6
votes

I'm using vagrant and ansible to provision a virtual machine and that works fine. The ansible playbook clones a git repo, installs it and runs a service daemon.

I'd also like to have a vagrant command that executes a separate "update" playbook that pulls the latest from the git repo, installs and restarts the daemon.

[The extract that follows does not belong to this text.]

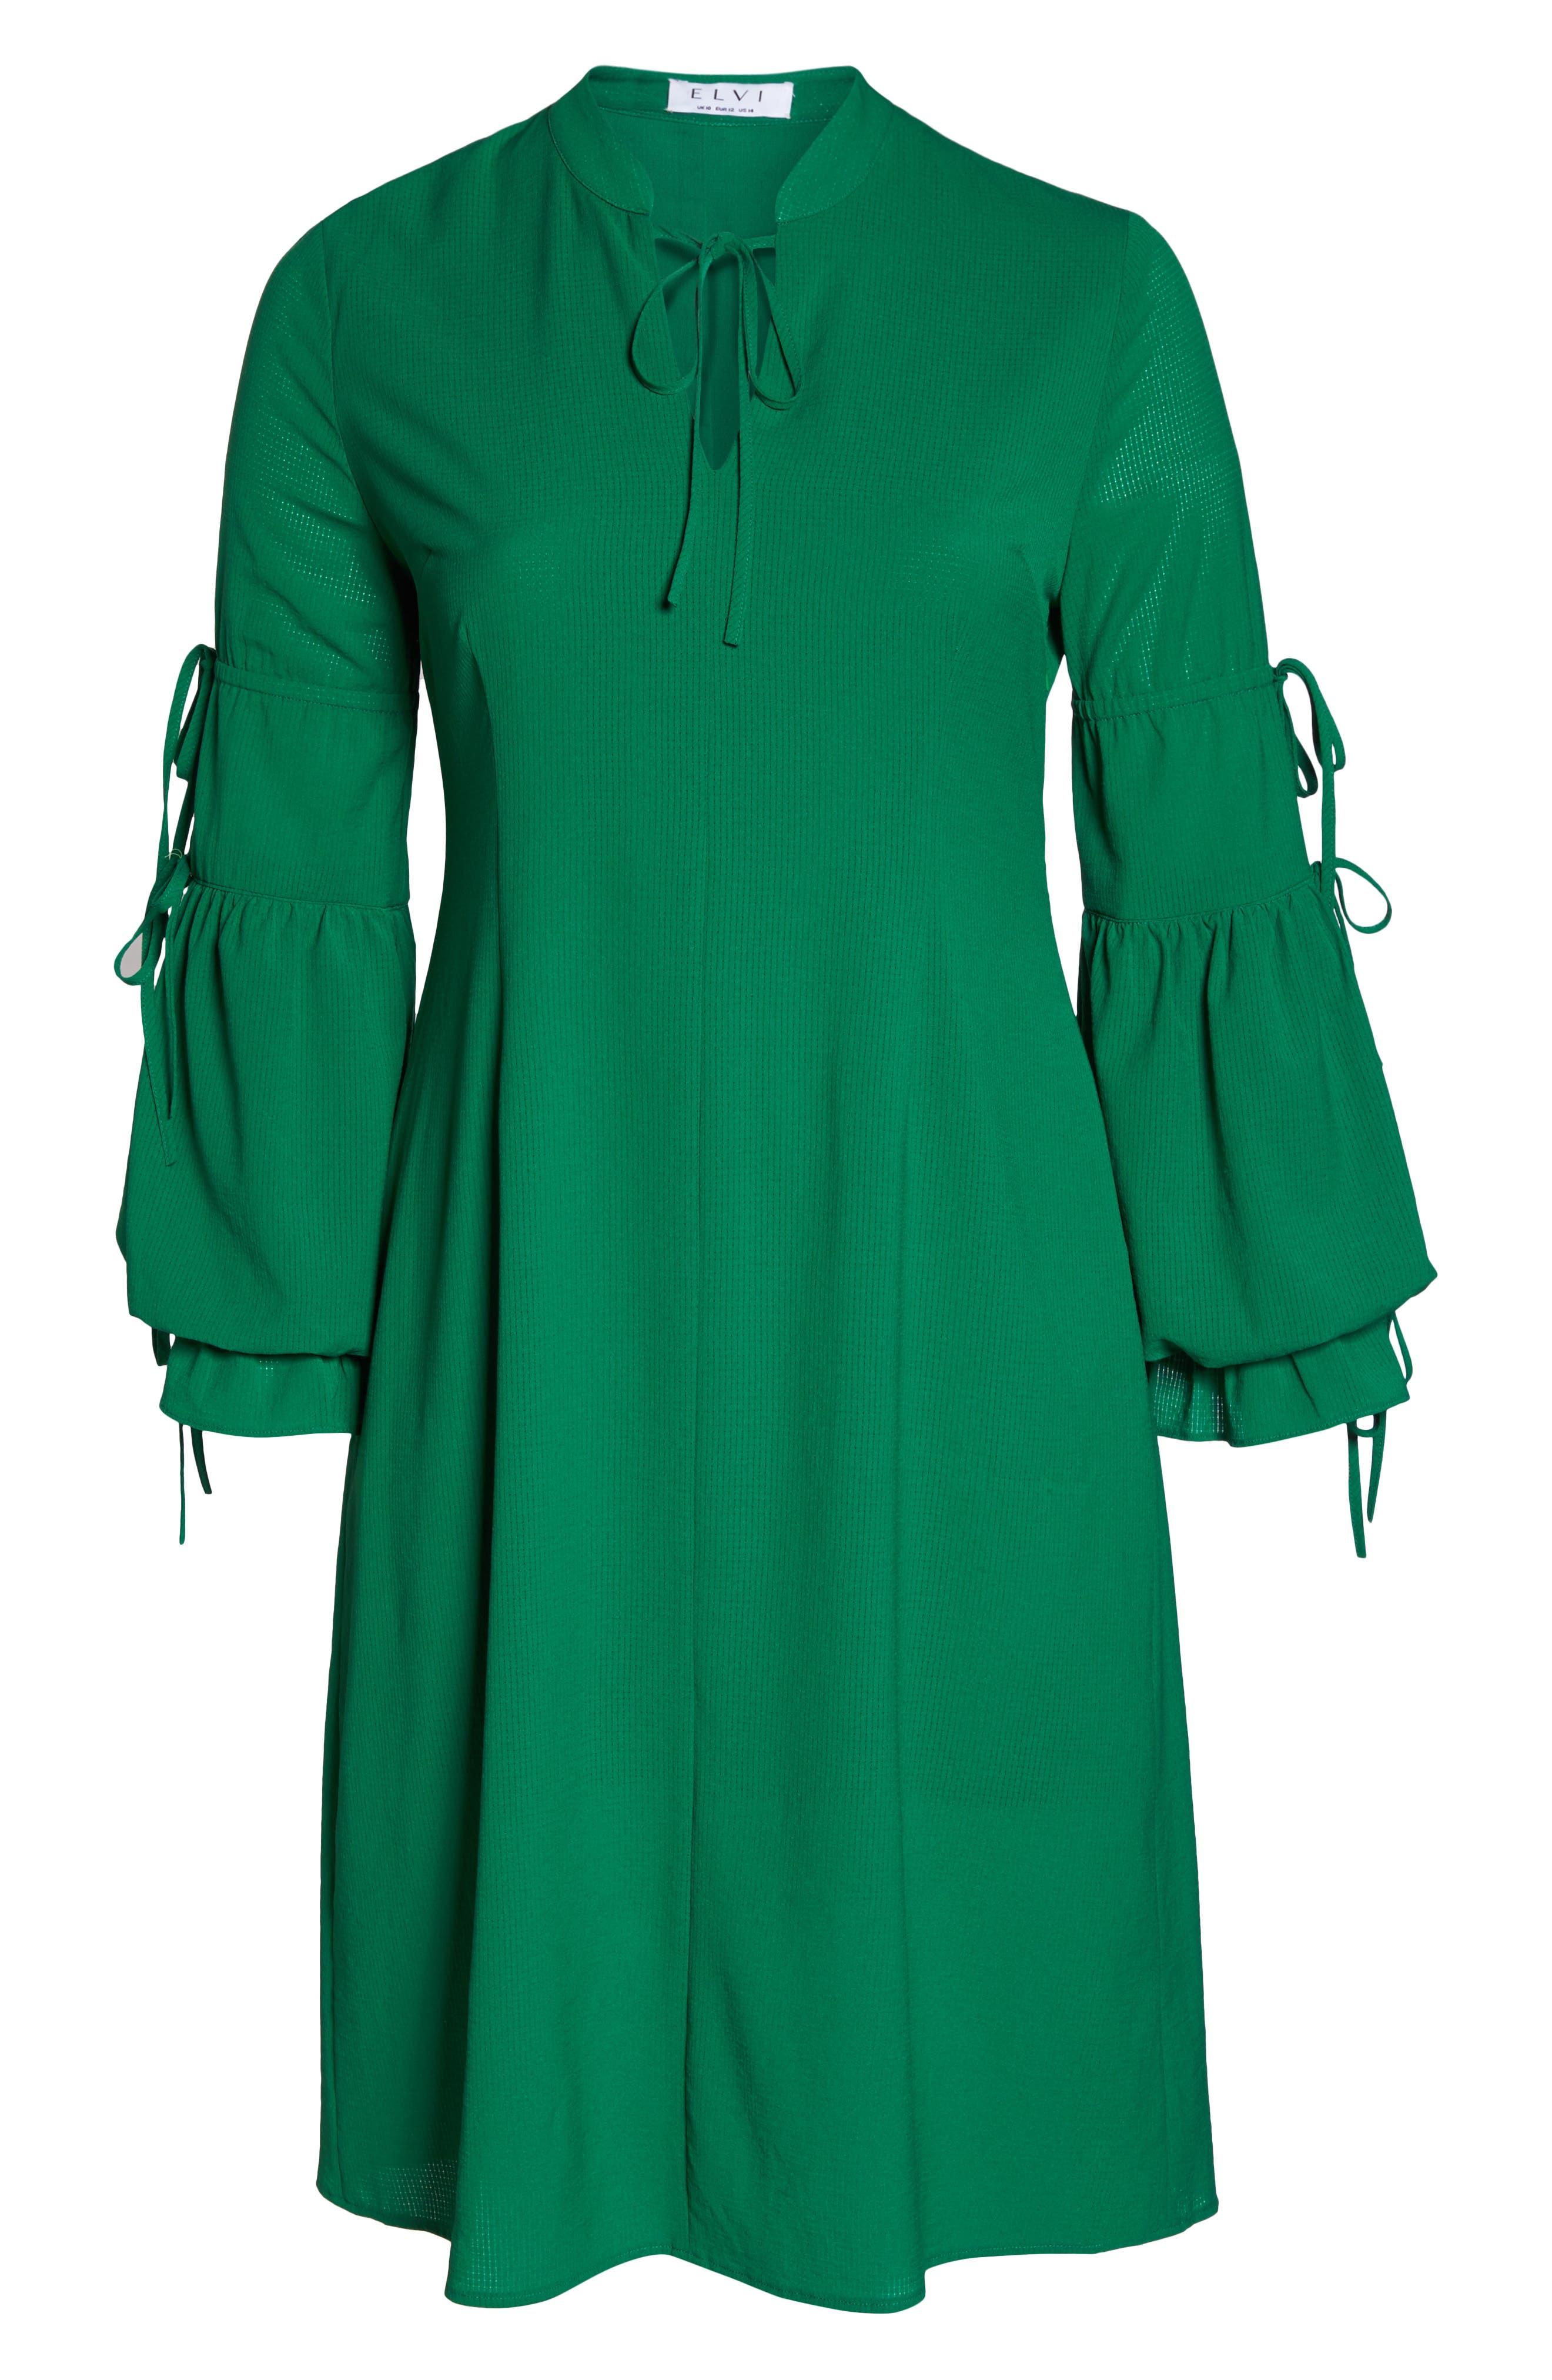 Leiko Antoinette Puff Sleeve Tea Dress,                             Alternate thumbnail 6, color,                             300

Something like this usage would be nice.

Vagrant.configure("2") do |config|

  # Default
  config.vm.provision "ansible" do |ansible|
    ansible.playbook = "playbook.yml"
  end

  # Update
  config.vm.provision "ansible", name="update" do |ansible|
    ansible.playbook = "update.yml"
  end
end

Then I could run it with vagrant --provision-with update. Is something like this possible? I'd like to avoid having to ssh into the box to run an update like this.

1

1 Answers

14
votes

I'm not sure why the person's answer was deleted because it was correct. As of vagrant 1.7.0 you can name provisions.

The following worked:

Vagrant.configure("2") do |config|

  # Default
  config.vm.provision "main", type: "ansible" do |ansible|
    ansible.playbook = "playbook.yml"
  end

  # Update
  config.vm.provision "update", type: "ansible" do |ansible|
    ansible.playbook = "update.yml"
  end
end

You can use vagrant provision --provision-with <foo> to then execute either one.

However, if you do vagrant up, all provisioners will run, which is not desired. As a solution, I run vagrant up --no-provision then vagrant provision --provision-with main as the default, which I put in a Makefile.